Las fisuras que Ñublense debe corregir para la recta final

Por: Rodrigo Oses 01:15 PM 2018-09-16

Germán Cavalieri, el nuevo entrenador de Ñublense, heredó el plantel que dirigía Emiliano Astorga, con algunas fisuras que tendrá que corregir a corto plazo para encarar la electrizante recta final que puede condenar al Rojo al infierno. Tras los tres primeros partidos que ha dirigido, detectó falencias que no será fácil subsanar.

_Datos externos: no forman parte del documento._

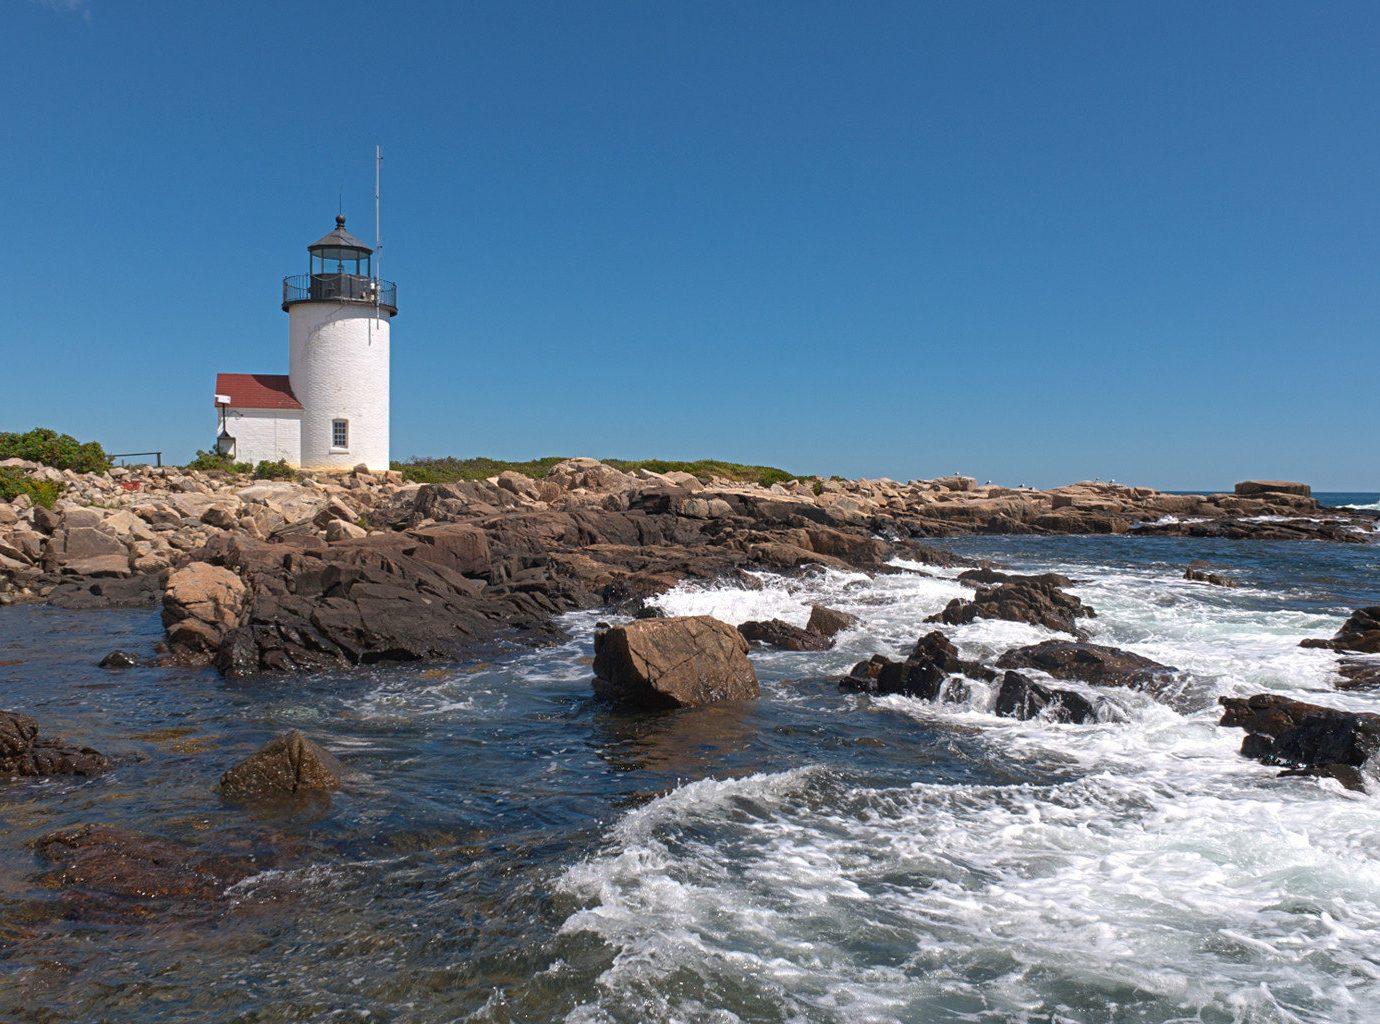 Lighthouse overlooking the ocean

Escasa producción ofensiva:

El equipo chillanejo es el tercer elenco menos goleador del torneo con 23 tantos. Sus referentes ofensivos pasan por un mal momento. Sebastián Varas no anota hace 11 fechas (incluyendo Copa Chile), Michael Silva fue el artillero del primer semestre con 6 tantos, pero en esta rueda su anemia de goles es preocupante y tanto Alejandro Fiorina como José Luis Jiménez, con evidentes problemas físicos, han marcado solo un gol cada uno. Durante este receso por Fiestas Patrias, Cavalieri deberá reforzar los movimientos ofensivos de cara al duelo con Barnechea en Chillán el domingo 23 de septiembre a las 16 horas.
Pobre caudal ofensivo por los costados.

Ñublense en la era de Emiliano Astorga sufría para ser un equipo con caudal ofensivo por las bandas. Los laterales, atados al sistema, buscaban no cometer el error en la marca y se proyectaban poco. Por lo mismo, René Bugueño y Diego Sepúlveda no han respondido a sus pergaminos. Cavalieri ha intentado darle más fluidez ofensiva a ambos.

La ausencia de un armador

El puesto de generador de fútbol ha sido un karma para Ñublense. A comienzos de temporada, Astorga pretendió a Jorge Luna, que recaló en Cobreloa, y finalmente, tras la partida de Arrúa, arribó Emanuel Croce, quien ha mostrado una exasperante irregularidad en el torneo. Luego arribó Federico Mateos, un volante argentino de dudoso nivel, pero tampoco ha estado a altura. Por esta razón, Ñublense sufre para llegar con claridad. Cavalieri deberá replantearse la forma de generar fútbol para alimentar la estructura ofensiva.

El karma del Sub-20

Cavalieri confirmó que ninguno de los sub-20 que integró al plantel está a buen nivel para jugar por rendimiento y no forzadamente por el reglamento. Por eso, por cada uno de los 7 duelos que restan, está obligado a poner un sub-20 por lo menos 60 minutos para completar los 429 minutos que faltan para alcanzar los 1.350 que exige el reglamento.